Obey At Any Cost Milgram’s Famous Experiment
In 1963, Stanley Milgram of Yale University conducted an experiment based on obedience. He wanted to demonstrate how to cause one individual to order a second person to physically hurt a third one without anyone getting hurt. Milgram believed that humans have a tendency of obeying others who are in a higher position of authority. He designed a shock generator starting from the lowest of 30volts, increasing to 15-volt intervals, to its highest power of 450-volts.Ads were placed to catch the public’s attention and get subjects to participate in a study about memory and learning. A total of 40 males ranging from the ages of 20 to 40 years old participated in this experiment and were paid $4.50 for just showing up. Besides the 40 subjects there were two others who participated as well, one played as another subject and the second one played as the experimenter. The subject who played the learner had his arms strapped down and was able to reach for the buttons labeled a, b, c, and d in order to answer
questions from the teacher that was in a different room. The teacher had to read out loud many word pairs for the learner to memorize. When the learner responded incorrectly or when he didn’t answer at all the experimenter gave orders to the teacher to shock the learner and increase the voltage each time. What they didn’t know was that no shocks were truly being delivered, that’s how realistic this experiment was.
Results
Every subject reached up to 300-volts, 14 of them defied orders and quit before reaching 450-volts, 26 of them followed through until reaching the maximum voltage. Although the subjects obeyed, they were all showing signs of stress and were highly upset with the experimenter. Milgram was concerned some subjects could suffer from psychological distress from having to shock another person so he explained the purpose of this experiment and the findings towards it.

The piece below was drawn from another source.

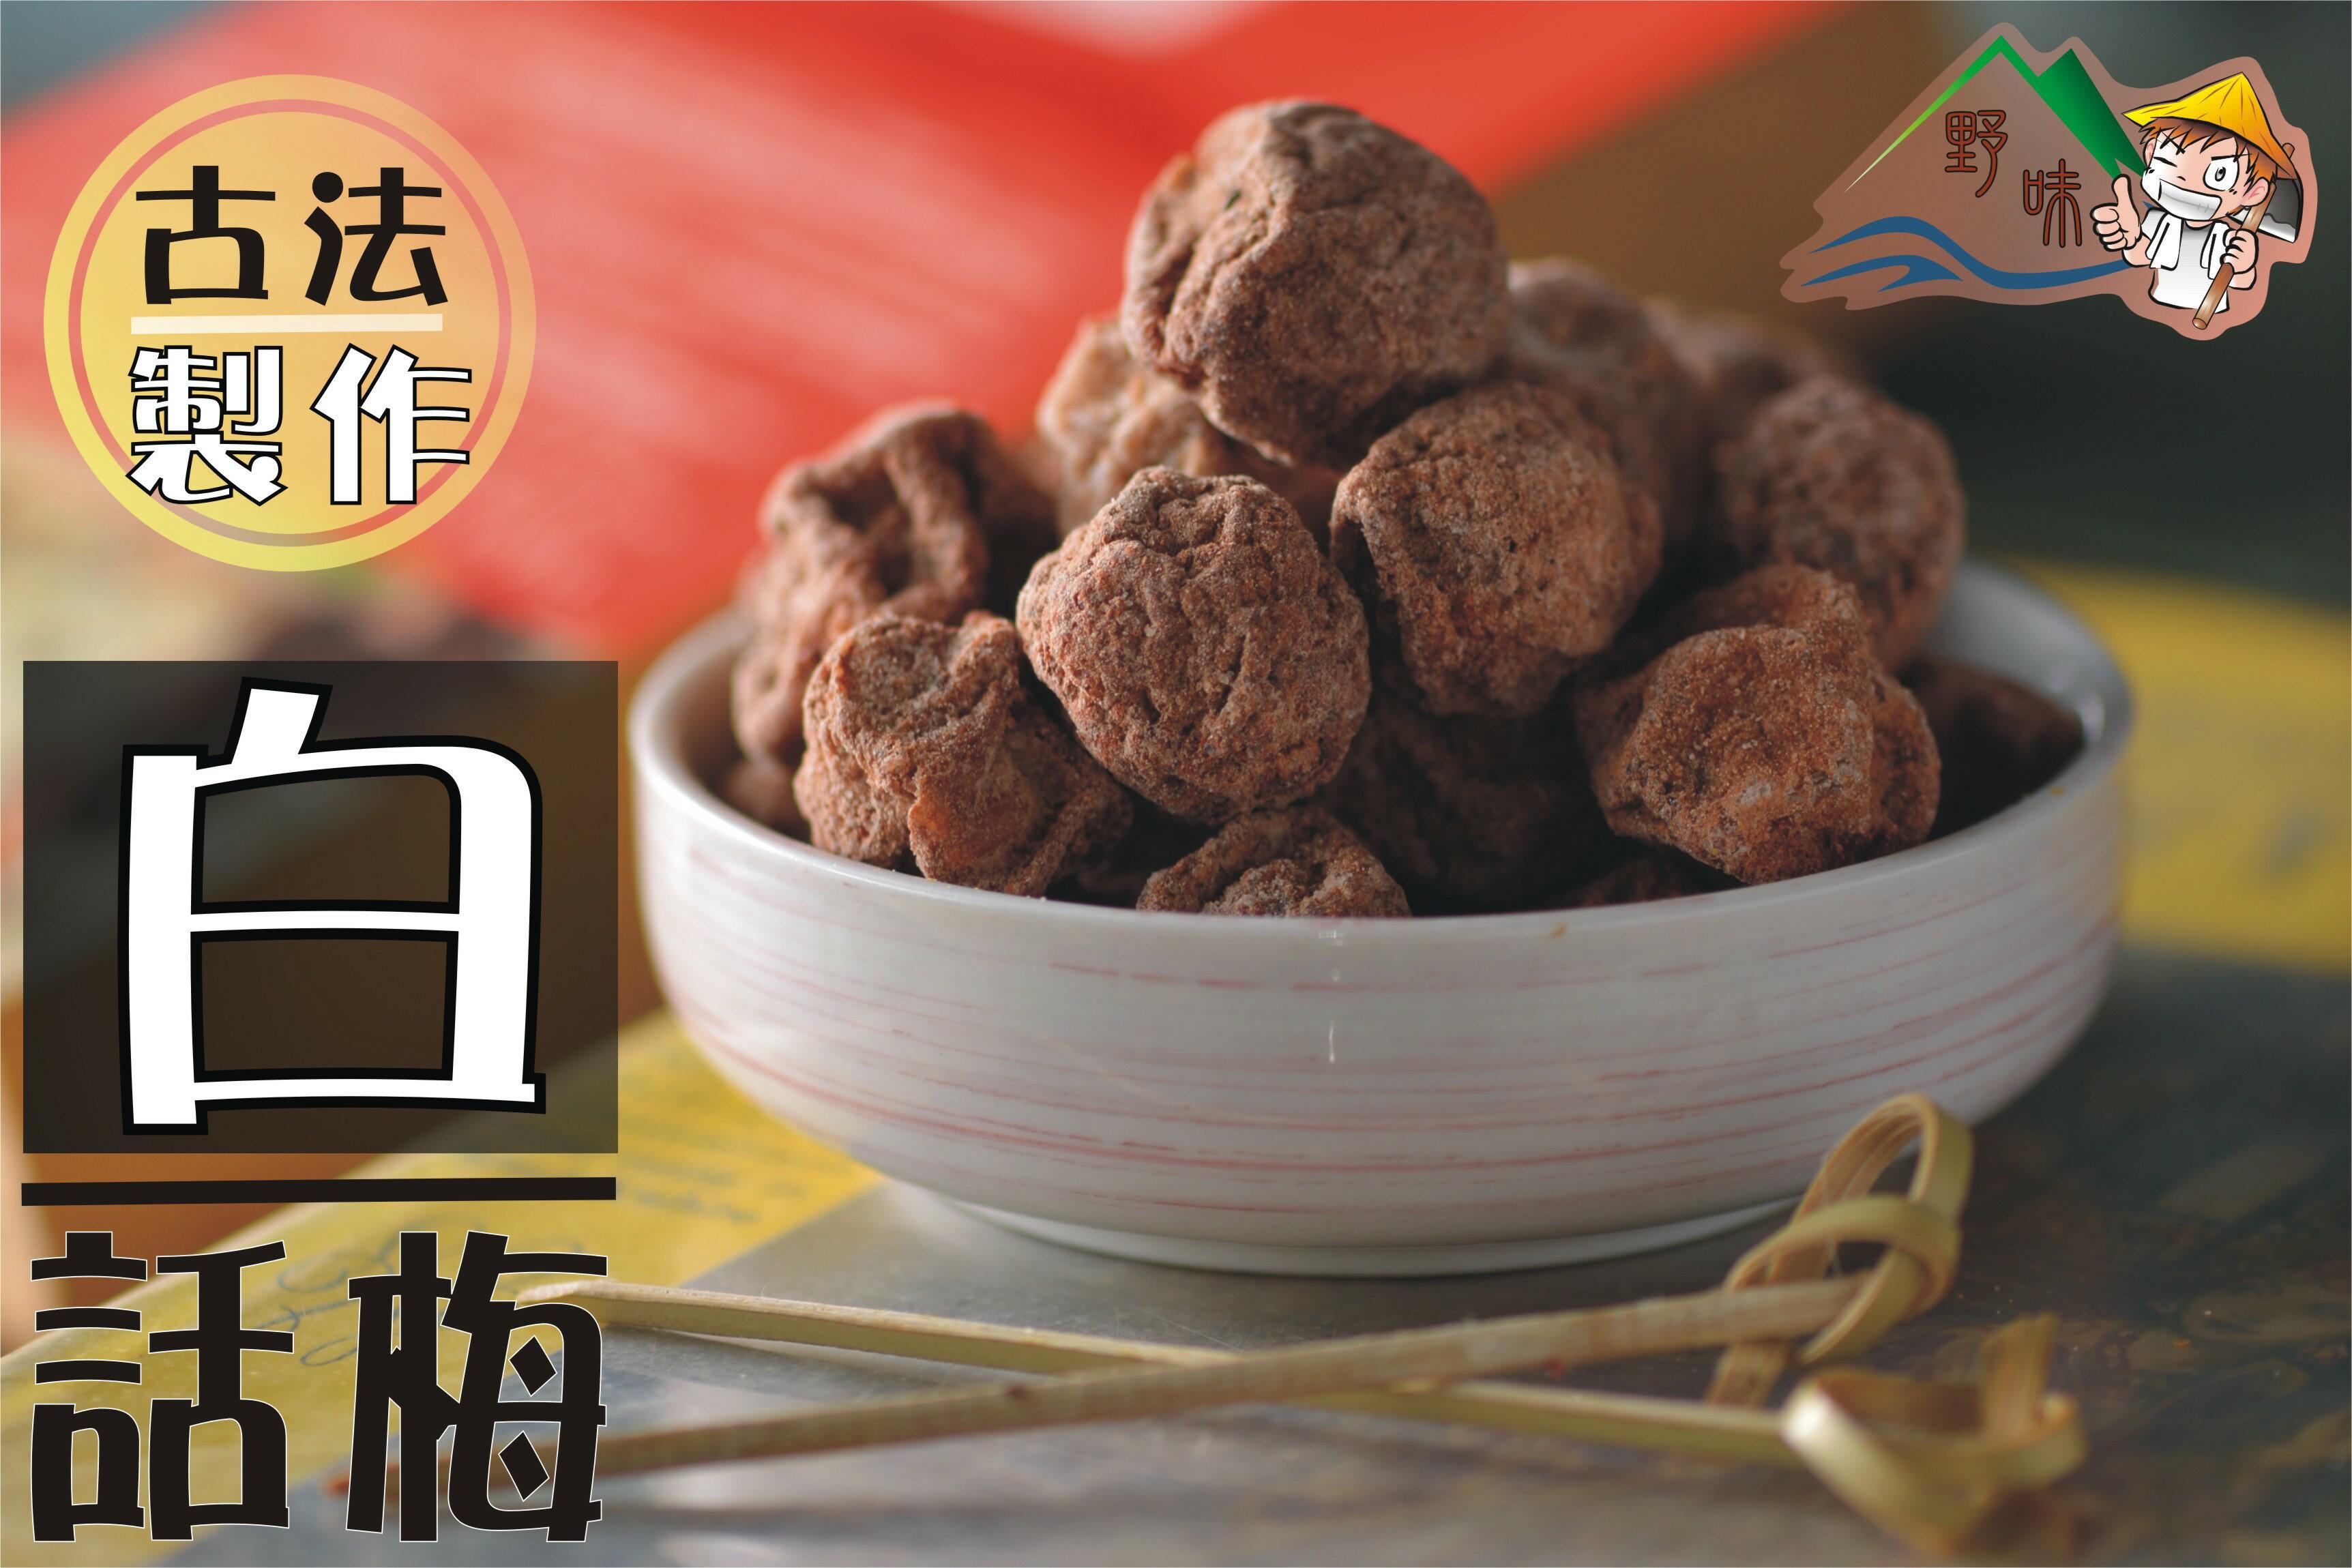 【野味食品】白話梅165g/包,500g/包(海山調理話梅)

First was how the subjects had strength to obey commands and secondly how he noticed extreme tension and anxiety from having to obey the experimenter. A psychiatrist interviewed all 40 subjects that were uncomfortable during the study and none of them suffered any long-term effects.
Interesting Findings
Milgram also conducted further experiments that promote or limit obedience. He found that in one of them the physical and emotional distance of the victim from the teacher altered the amount of obedience with the highest level of 93% on the voltage scale just by having the learner be in a different room. Then when the learner was in the same room as the subject, the subject forced the learner’s hand onto the shock plate and the rate of obedience dropped by 30%. To end this on a positive note, when the subjects were allowed to punish the learner, nobody pressed the switch no higher than 45volts.